J'ai beaucoup apprécié la bonne tenue des interventions et échanges. Ma crainte était de voir le débat s'envenimer, verser dans la polémique, favoriser l'indignation, la provocation et la condamnation, toutes réactions détestables. Rien de cela : des prises de parole posées, interrogatives, réfléchies. Le ton de voix de Philippe Bataille n'était pas étranger à cette sérénité (il y a des timbres qui sonnent comme des cloches, qui excitent le public). Sur le fond, il s'est montré sceptique sur une prochaine évolution de la loi Léonetti, qui définit les conditions d'intervention dans la fin de vie. C'est pourtant un point au programme présidentiel de François Hollande.

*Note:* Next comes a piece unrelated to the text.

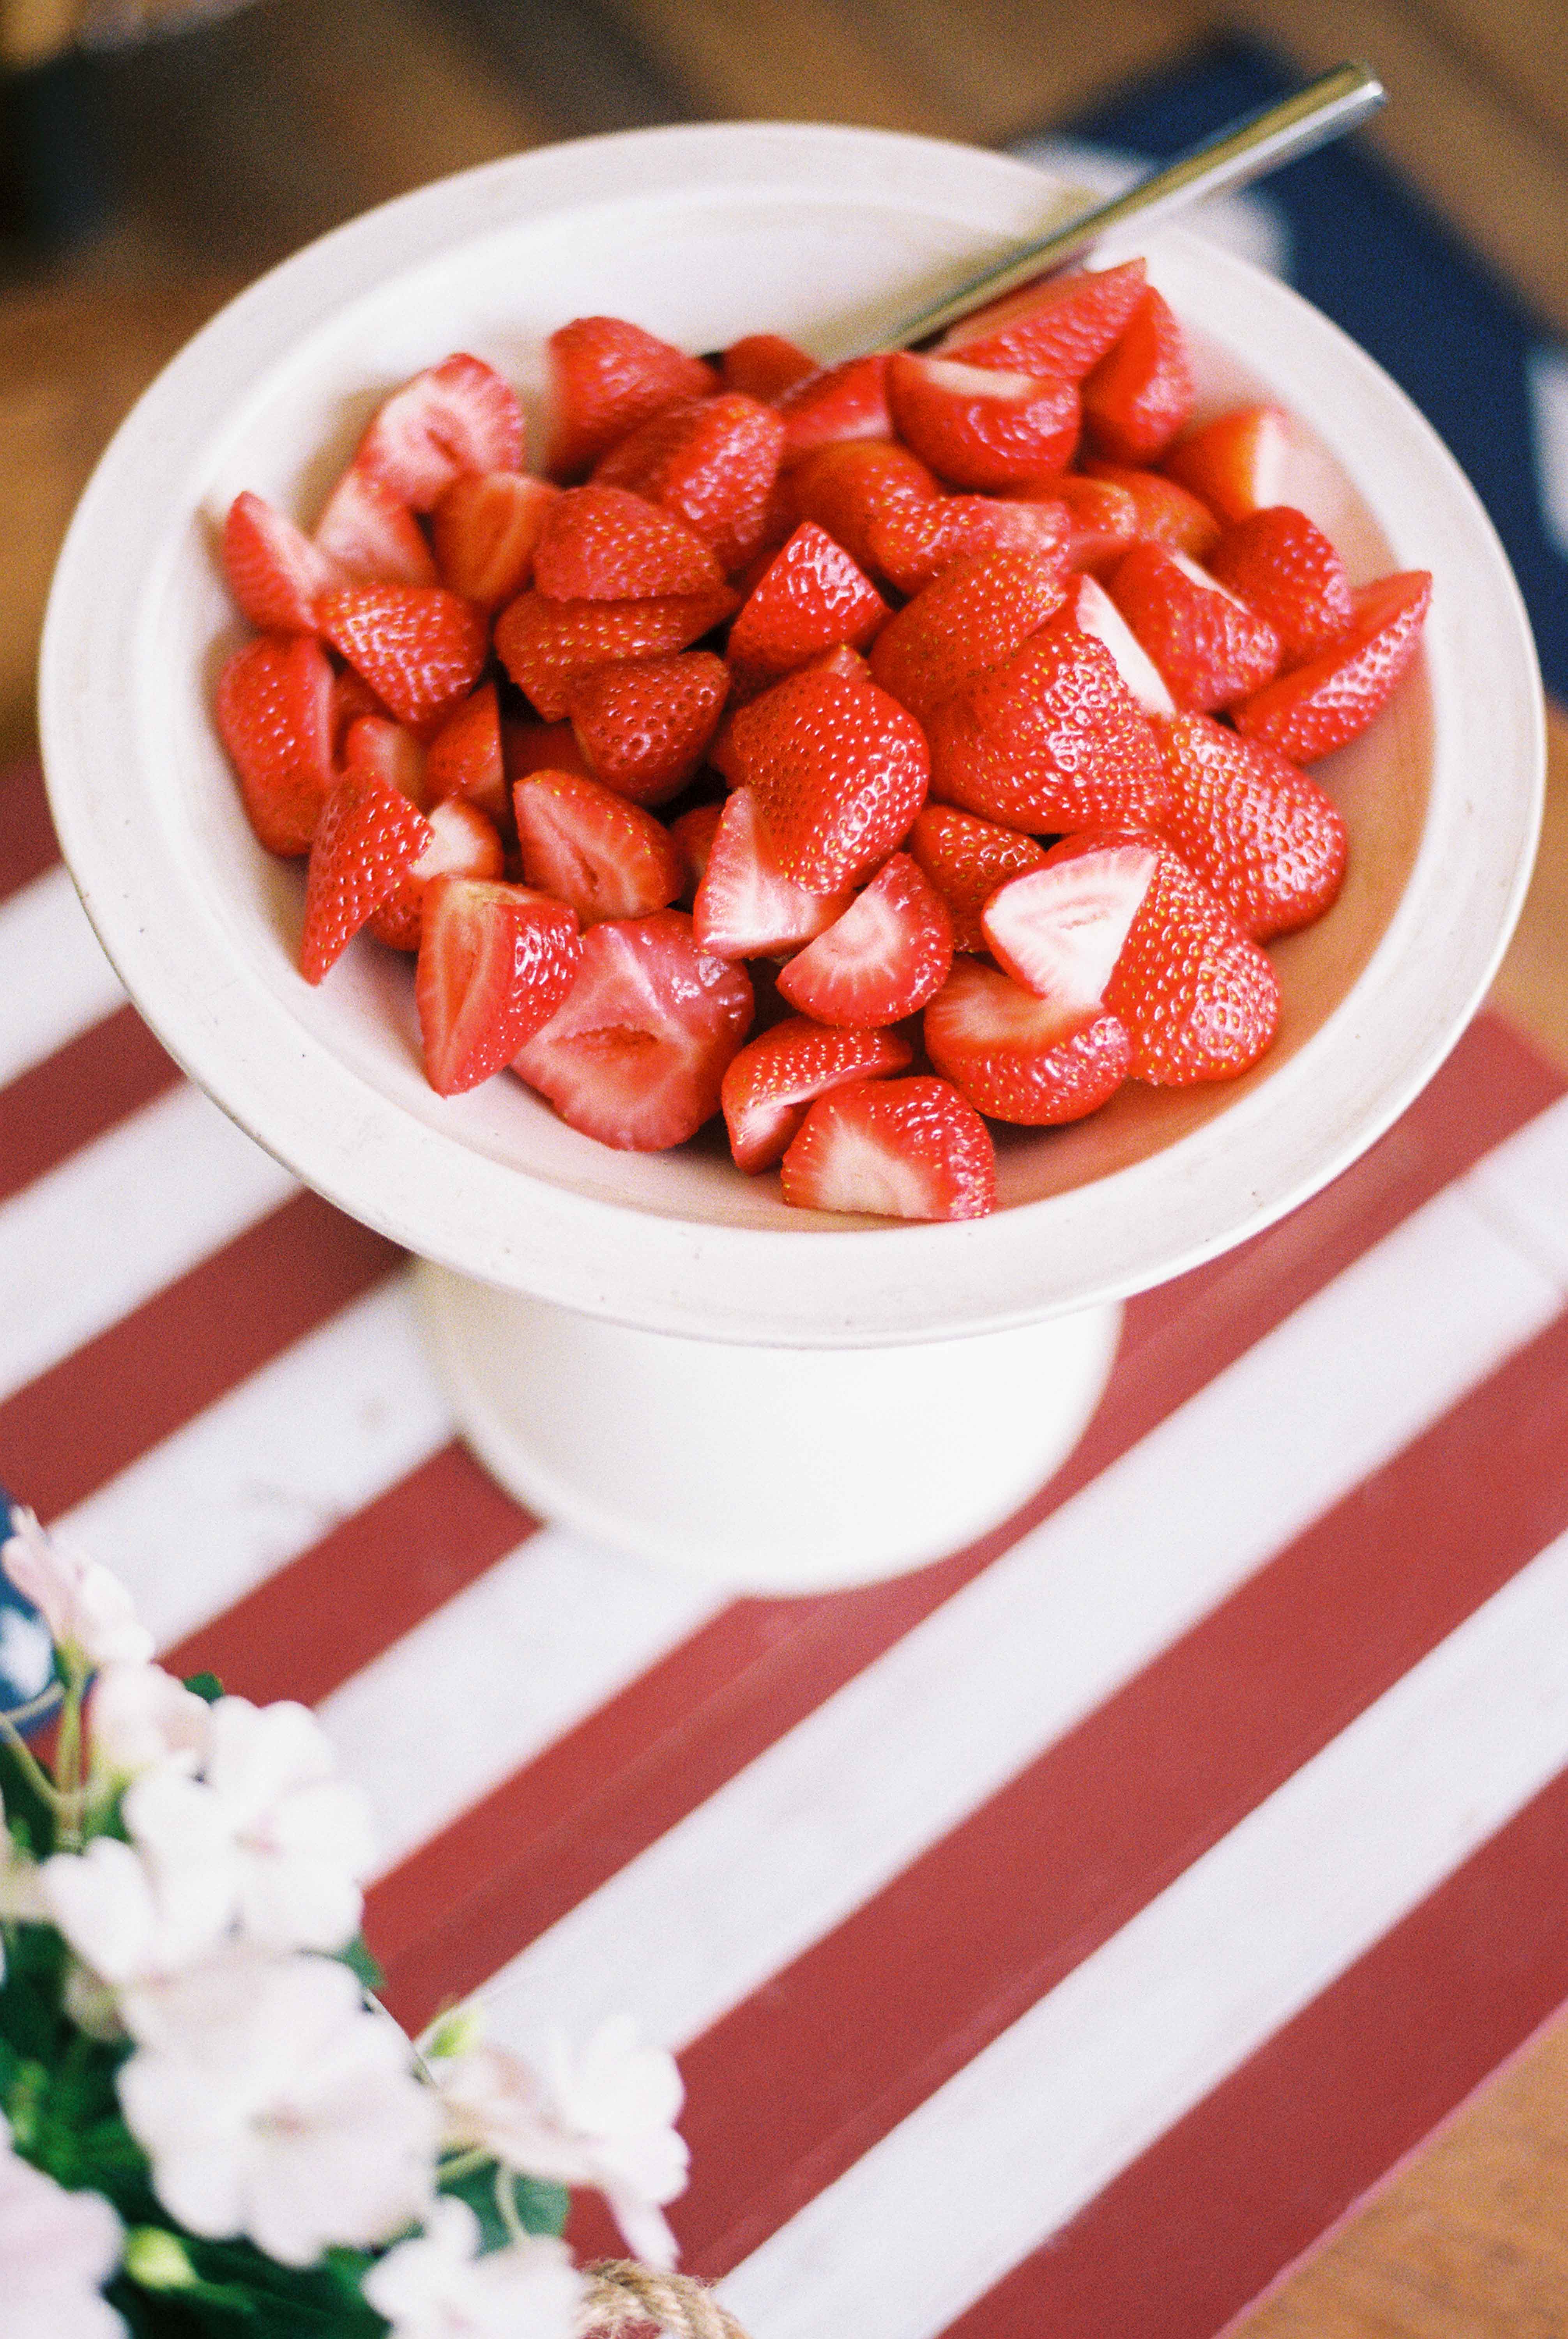 du soleil photographie, july 4th celebration, summer themed party, bbq party, event design, philadelphia lifestyle photographer, american lifestyle, summer drinks, vintage furniture

Comme pour illustrer notre débat de lundi, j'ai entendu ce matin à la radio qu'en Belgique, une femme a voulu devenir homme, s'est faite opérer des seins et greffer un pénis, opération qui a échoué, qui a occasionné chez cette personne de terribles souffrances psychiques qui l'ont conduite à demander un acte d'euthanasie (autorisé en Belgique depuis dix ans). Cet exemple est bien sûr extrême, mais tous les cas d'euthanasie nous renvoient à des situations tragiques. Dans quel sens la société doit-elle légiférer ? Je me garderai bien de répondre, tant la question est complexe. Mais notre ciné philo aura peut-être fait avancer la réflexion.

Notre prochain rendez-vous aura lieu le lundi 14 octobre, à 20h00, avec le film La pirogue, réalisé par Moussa Toure. Nous serons en partenariat avec la Ligue de l'enseignement de l'Oise, dans le cadre de son festival Les Yeux ouverts. Le débat portera sur les phénomènes migratoires entre l'Afrique et l'Europe, autre sujet de société fondamental. Exceptionnellement, l'entrée sera gratuite.

Encore merci à Philippe Bataille d'avoir été des nôtres lundi soir, d'autant qu'il a dû renoncer, pour ce faire, à une importante réunion au ministère de la Santé, privilégiant l'engagement qu'il nous avait donné.


En vignette : à mes côtés, Philippe Bataille et Michèle Zann, directrice du cinéma.

2 commentaires:

L'éphémère. a dit…

Emmanuel, vous écrivez : "Sur le fond, il s'est montré sceptique sur une prochaine évolution de la loi Léonetti, qui définit les conditions d'intervention dans la fin de vie".

Je ne comprends pas bien cette phrase. Cela signifie-t-il :
1) qu'il pense que F. Hollande ne fera pas modifier la loi Léonetti, alors qu'il faudrait la modifier ?
2) qu'il pense que F. Hollande ne fera pas modifier la loi Léonetti, et que c'est très bien comme ça ?
3) qu'il ne souhaite pas que la loi Léonetti soit modifiée ?

Ou bien il y a une quatrième possibilité à laquelle je n'ai pas pensé ?

Bien à vous.

Emmanuel Mousset a dit…

Je pense que c'est l'hypothèse 1 qui est la bonne.